Orthopedic Center, People's Hospital of Xinjiang Uygur Autonomous Region, Urumchi, 830001, Xinjiang, China
|Date of Web Publication||11-Dec-2018|
Orthopedic Center, People's Hospital of Xinjiang Uygur Autonomous Region, 91 Tianchi Road, Tianshan District, Urumchi, 830001, Xinjiang
Source of Support: None, Conflict of Interest: None
Objective: The objective of this paper is to identify ego networks and pathways in rheumatoid arthritis (RA) based on EgoNet algorithm and pathway enrichment analysis.

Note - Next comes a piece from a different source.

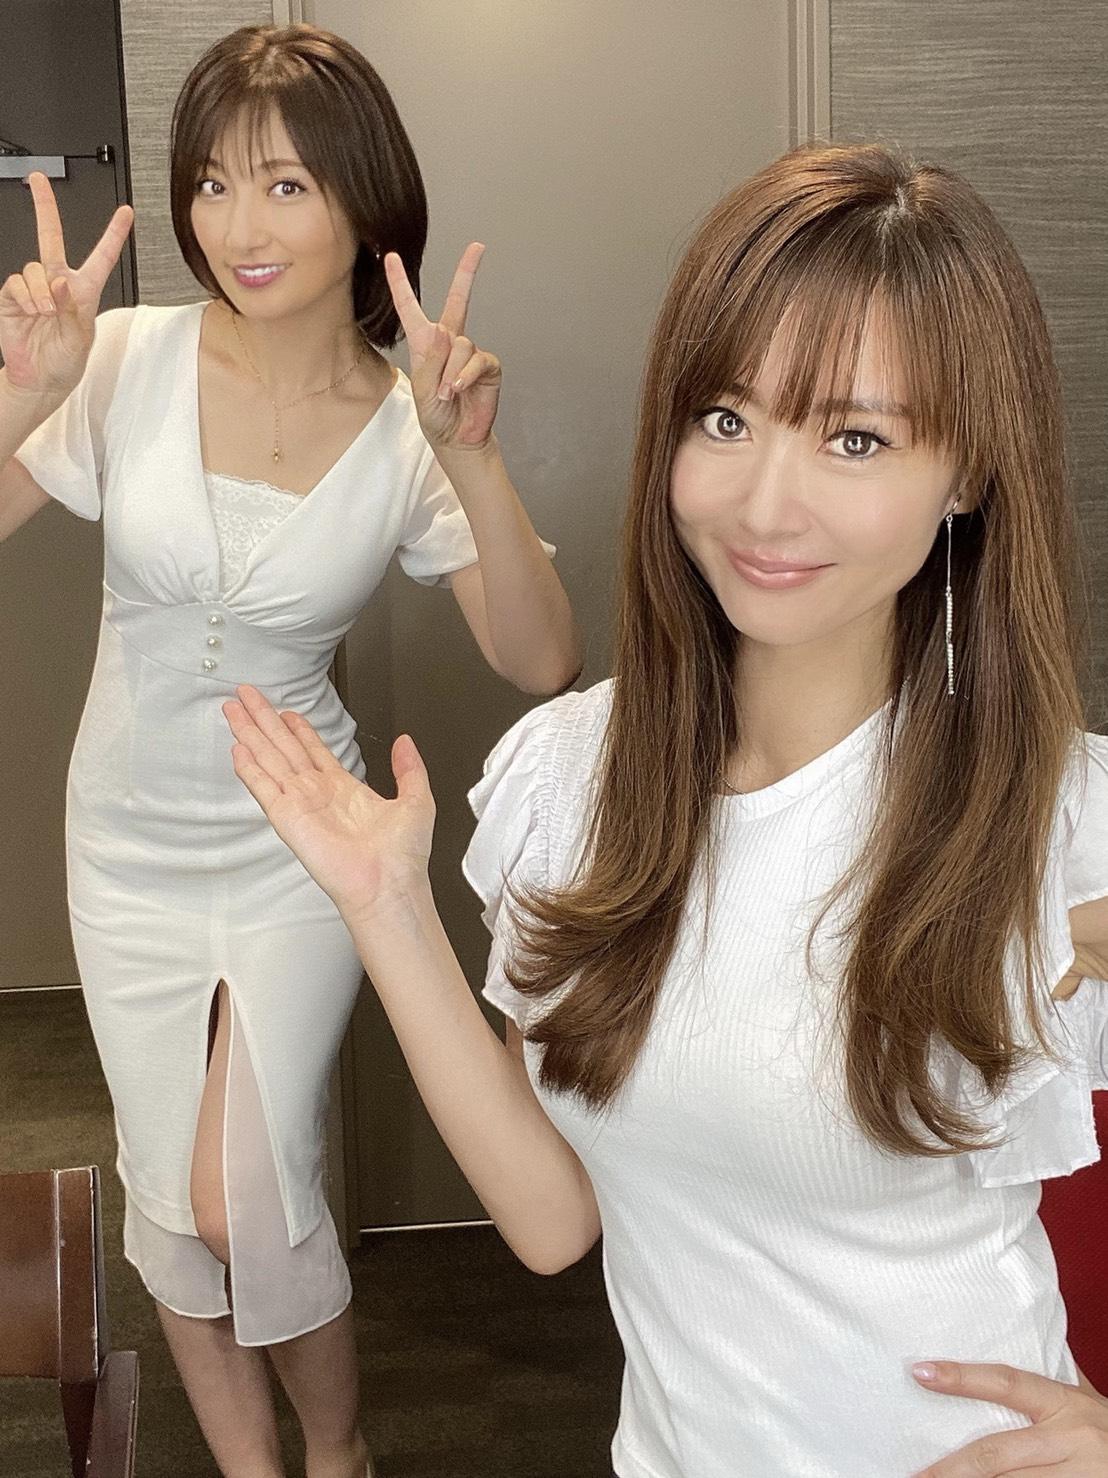 熊田曜子ちゃんとのメイク動画

Materials and Methods: The ego networks were identified based on the EgoNet algorithm which was comprised four steps: inputting gene expression data and protein-protein interaction data, identifying ego genes based on topological features of genes in background network, collecting ego networks by conducting snowball sampling for each ego gene, and estimating statistical significance of ego networks utilizing permutation test. To further explore the gene compositions of significant ego networks, pathway enrichment analysis was performed for each of them to investigate ego pathways in the progression of RA.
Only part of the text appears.